Method 3:Repeated measures model (“RM”):RM models the baseline and post-treatment weights (\( {Y}_{ij{t}_0} \), \( {Y}_{ij{t}_1} \)) jointly using the binary treatment indicator Gij, the binary time factor Tij, the time by treatment interaction Gij × Tij as follows:

$$ {Y}_{ij t}={\gamma}_0^{(3)}+{\gamma}_1^{(3)}{G}_{ij}+{\gamma}_2^{(3)}{T}_{ij}+{\gamma}_3^{(3)}{G}_{ij}\times {T}_{ij}+{e}_{ij t}^{(3)},i=1,2,\dots, {n}_j;j=0,1;t={t}_0,{t}_1, $$
(3)
$$ \left(\begin{array}{c}{e}_{ij{t}_0}^{(3)}\\ {}{e}_{ij{t}_1}^{(3)}\end{array}\right)\sim N\left(\left[\begin{array}{c}0\\ {}0\end{array}\right],\sum \right), $$

When t0 = 0 and t1 = 1, \( \kern0.50em {\gamma}_0^{(3)}= \)\( {\mu}_{0{t}_0} \), \( {\gamma}_1^{(3)}={\mu}_{1{t}_0}-{\mu}_{0{t}_0}, \)\( {\gamma}_2^{(3)}={\mu}_{0{t}_1}-{\mu}_{0{t}_0}, \) and \( {\gamma}_3^{(3)}=\left({\mu}_{1{t}_1}-{\mu}_{1{t}_0}\right)-\left({\mu}_{0{t}_1}-{\mu}_{0{t}_0}\right) \). \( {\gamma}_0^{(3)} \) represents the mean baseline weight of the control arm, \( {\gamma}_1^{(3)} \) represents the difference in the mean baseline weights of the treatment and control arms, \( {\gamma}_2^{(3)} \) represents the mean change from baseline in the control arm, and \( {\gamma}_3^{(3)} \) is generally interpreted as the difference in the mean change from baseline in a unit time interval between the treatment and control arms (“difference in difference”), also known as the difference in slopes.
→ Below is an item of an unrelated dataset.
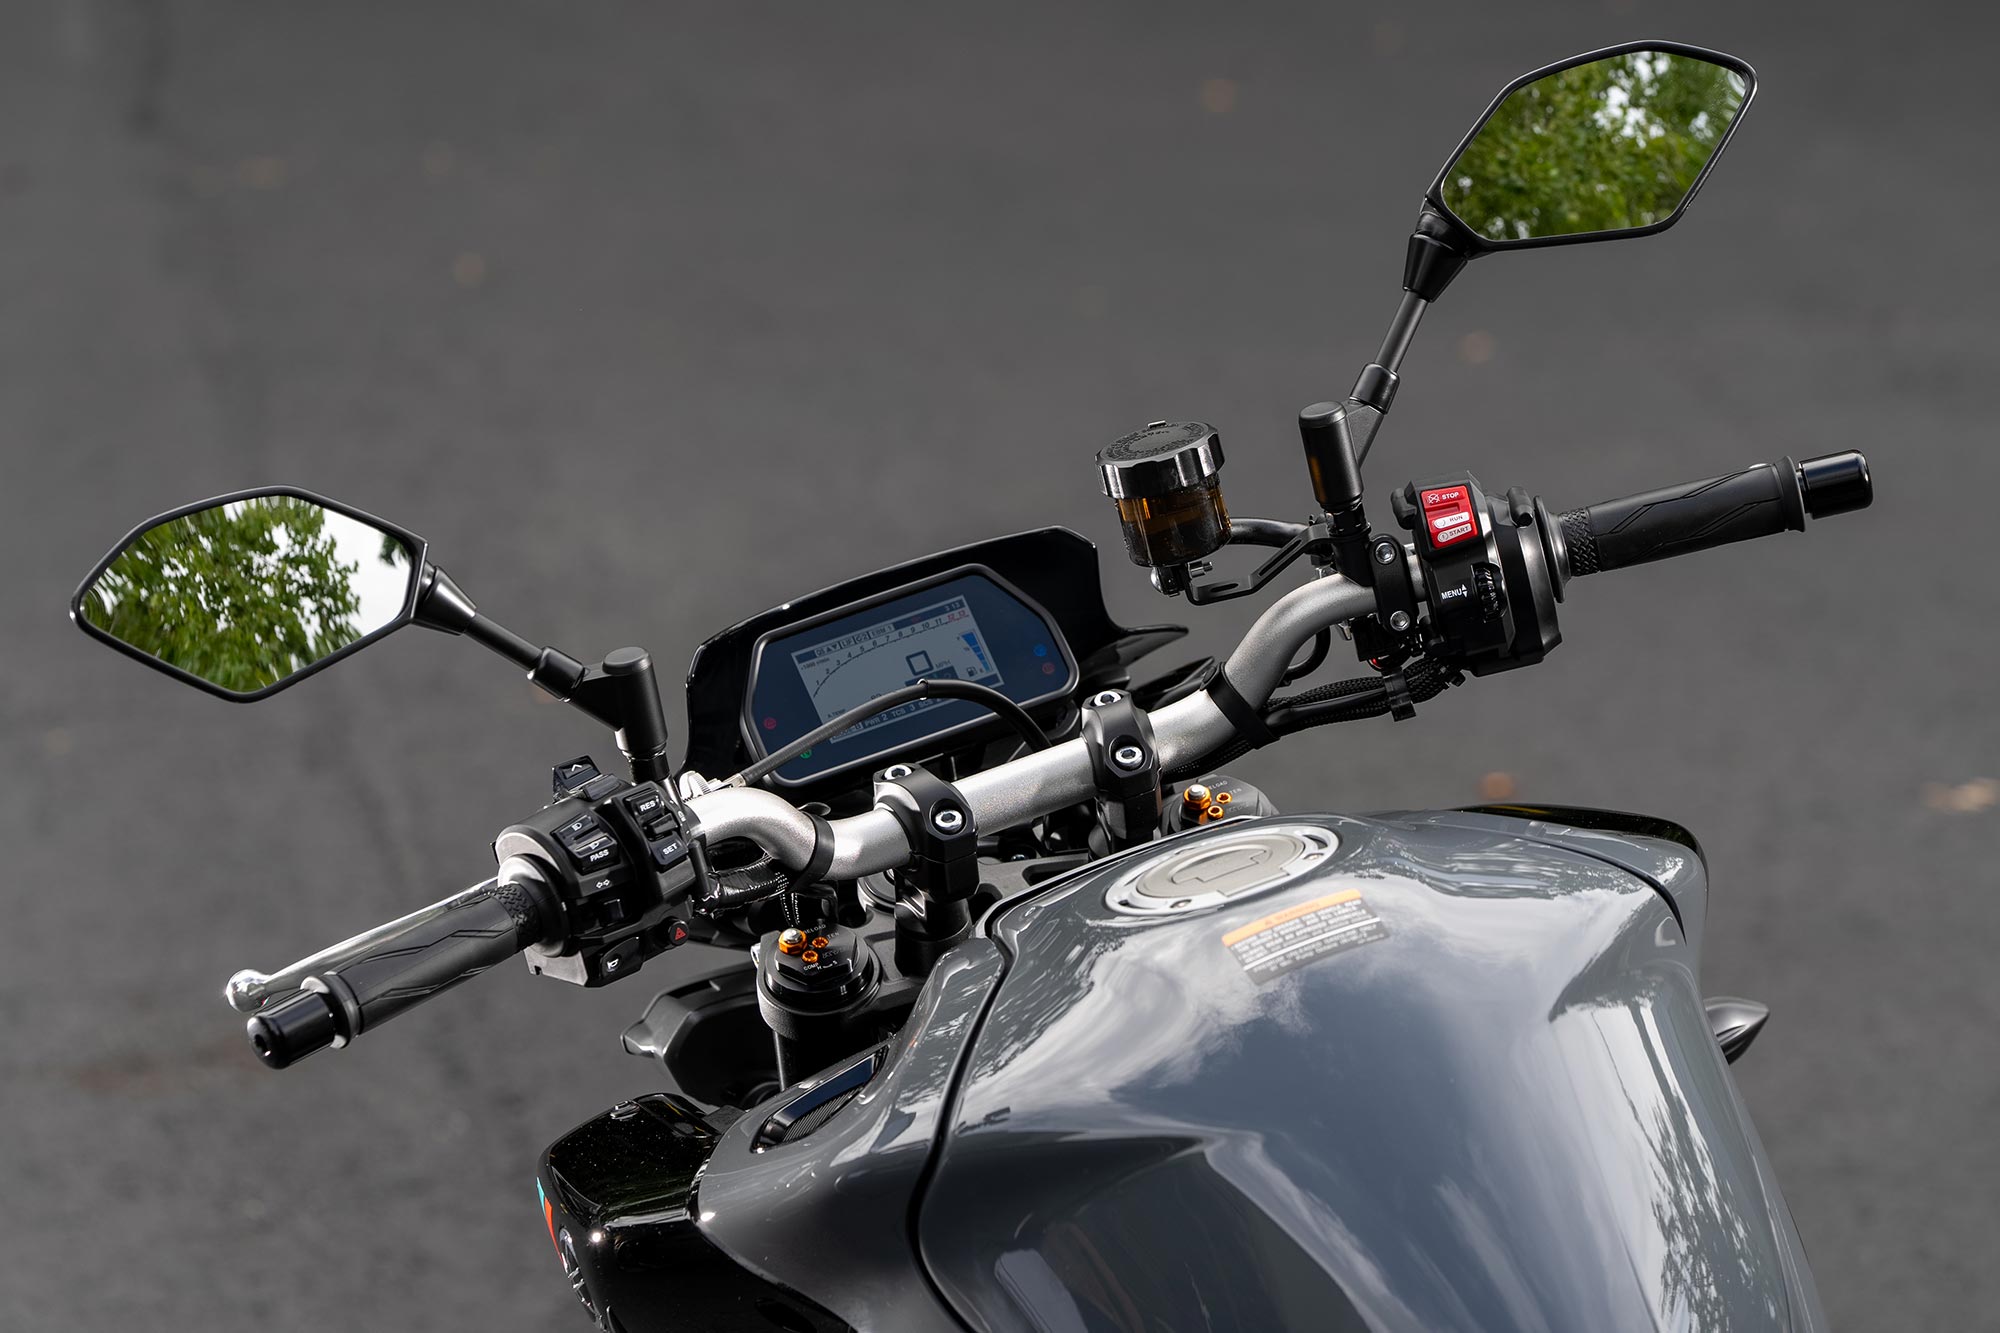 2022 Yamaha MT-10 Buyer's Guide: Specs, Photos, Price

We have \( {\mu}_{1{t}_0}={\mu}_{0{t}_0} \) from random allocation and it follows that \( {\gamma}_1^{(3)}=0 \) and \( {\gamma}_3^{(3)}={\mu}_{1{t}_1}-{\mu}_{1{t}_1}=\tau . \) Thus, testing \( {H}_o:{\gamma}_3^{(3)}=0 \) is equivalent to testing Ho : τ = 0.

The generalized least squares (GLS) model with correlated outcomes is routinely used to estimate the coefficients and standard errors of model (3). The GLS estimator of the treatment effect \( {\hat{\gamma}}_{3,\kern0.5em gls}^{(3)} \) and its variance \( \mathit{\operatorname{var}}\Big({\hat{\gamma}}_{3,\kern0.5em gls}^{(3)} \)) given known variance and covariance parameters are presented in Table 1. \( {\hat{\gamma}}_{3,\kern0.5em gls}^{(3)} \) is estimated by the sample mean difference in body weight change between two arms and is unbiased for τ in a large sample. The variance and covariance parameters are generally unknown and need to be estimated using the restricted maximum likelihood (REML). The conventional maximal likelihood estimation (MLE) should be avoided. The REML variance estimator \( {\hat{\ \mathit{\operatorname{var}}}}_{reml}\Big({\hat{\gamma}}_{3,\kern0.5em gls}^{(3)} \)) is derived by plugging the REML estimators of the variance and covariance parameters (i.e., \( {\sigma}_0^2,{\sigma}_1^2,\rho {\sigma}_0{\sigma}_1 \)) into the formula of \( \mathit{\operatorname{var}}\left({\hat{\gamma}}_{3,\kern0.5em gls}^{(3)}\right) \).We use Kenward and Roger method [18](“ddfm = kenwardroger” in SAS proc. mixed procedure) to adjust for the potential finite sample bias in \( {\hat{\ \mathit{\operatorname{var}}}}_{reml}\Big({\hat{\gamma}}_{3,\kern0.5em gls}^{(3)} \)) because of its failure to incorporate variabilities of the REML estimators of the variance and covariance parameters. This adjustment involves inflating the variance and covariance matrix and computing an adjusted approximation degrees of freedom.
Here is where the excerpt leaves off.